Decent tracking (the fund’s net asset value tracks the benchmark only 0.8% accumulated over 18 years).
A bid-ask spread of 0.02%.
These characteristics collectively indicate that VFH is a cheap fund. There is another form of “cheapness” that you can talk about when it comes to VFH: the cheapness of assets. Because financials are out of fashion these days, VFH’s underlying portfolio is pretty cheap, with a P/E ratio of 11.1 and a price-to-book ratio of 1.4. These low multiples are currently available despite VFH boasting an average return on equity of 12.5% and an earnings growth rate of 17.5%. So not only are you not paying a lot for VFH in terms of fees, spreads and tracking error, but you are also not paying too much for the underlying stock.

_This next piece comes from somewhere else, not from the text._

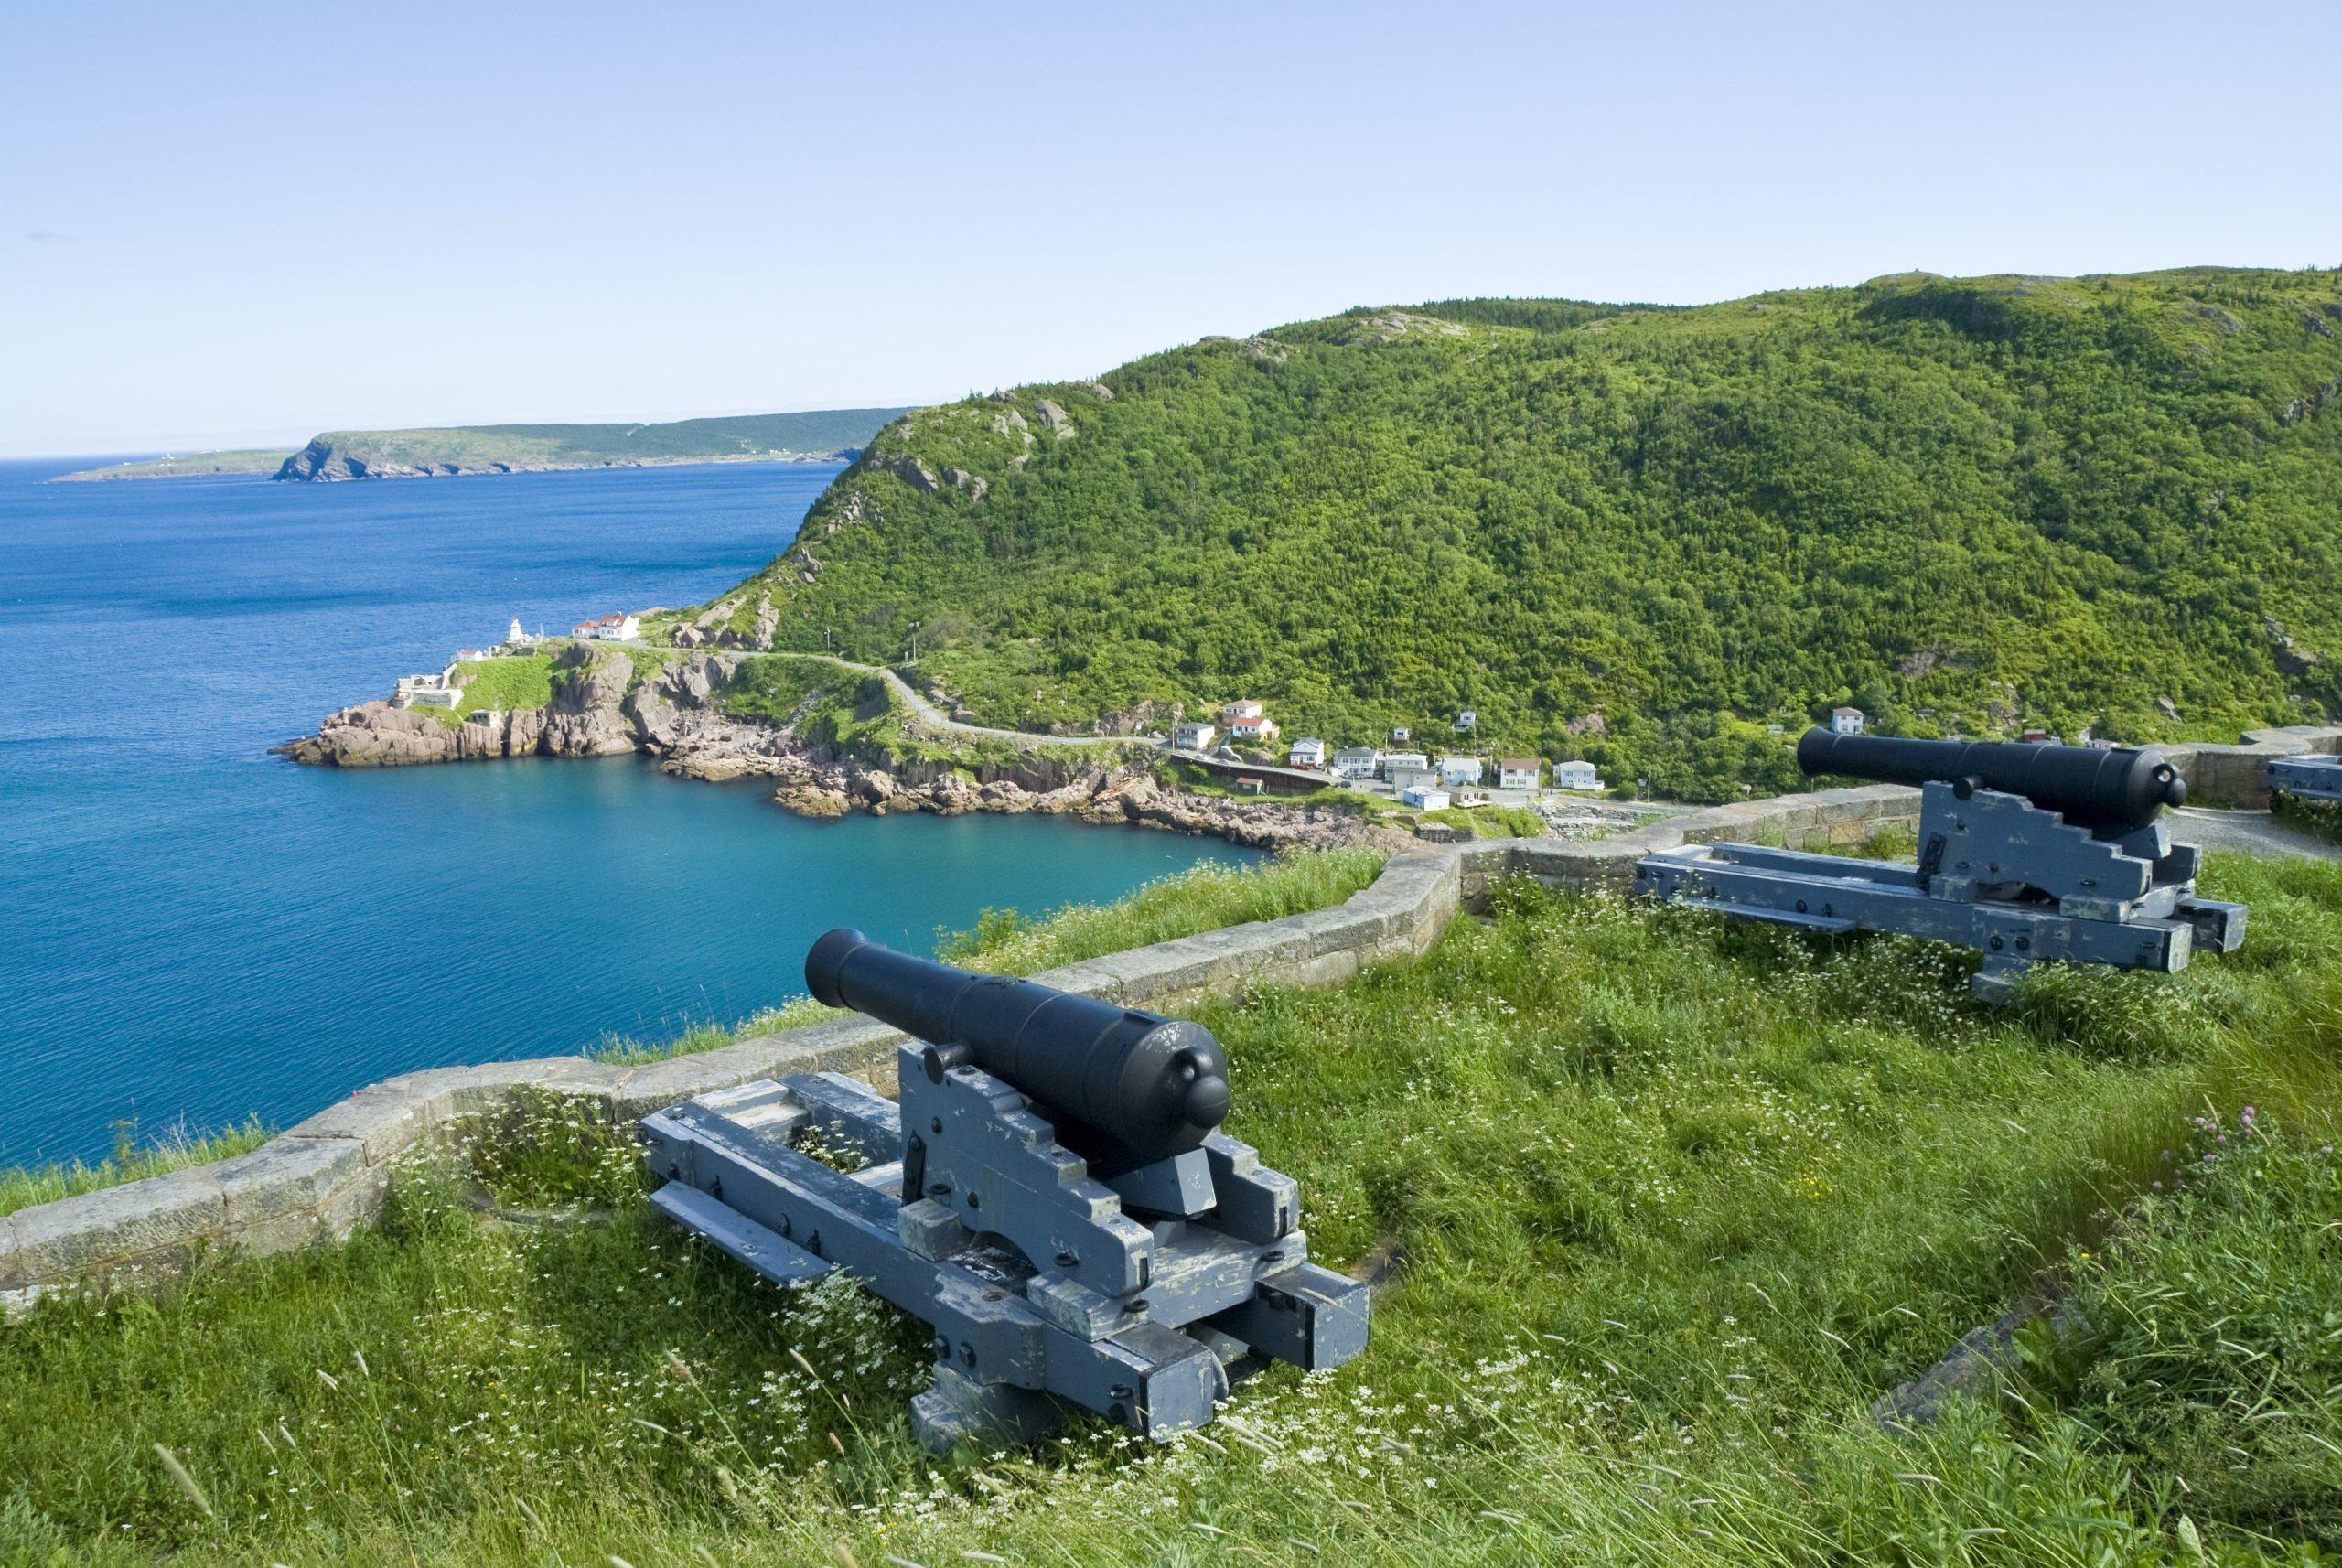 Big Canons on Signal Hill, St. John's

The bottom line about VFH is that it is an inexpensive fund invested in an industry that is currently out of favor for no particular reason. Sure, bank profits are down this year, but that’s largely due to PCL construction. Many credit card companies and brokers are doing quite well. With VFH, you not only get banks, which could see their profits increase as PCLs shrink in the next economic recovery, but also non-bank financials, which in many cases are already doing quite well.
Certainly, VFH is exposed to many risk factors. Inverted yield curves are not good for banks and recessions tend to increase credit risk. Nonetheless, all signs point to the fact that if we are currently in a recession, it is a mild recession, not a 2008-style meltdown. Taking the pros and cons of financials together, we can safely say that financials are expected to rise in the coming months, much like oil stocks did earlier this year. Personally, I’m quite happy to be overweight banks, both individually and through my position in VFH.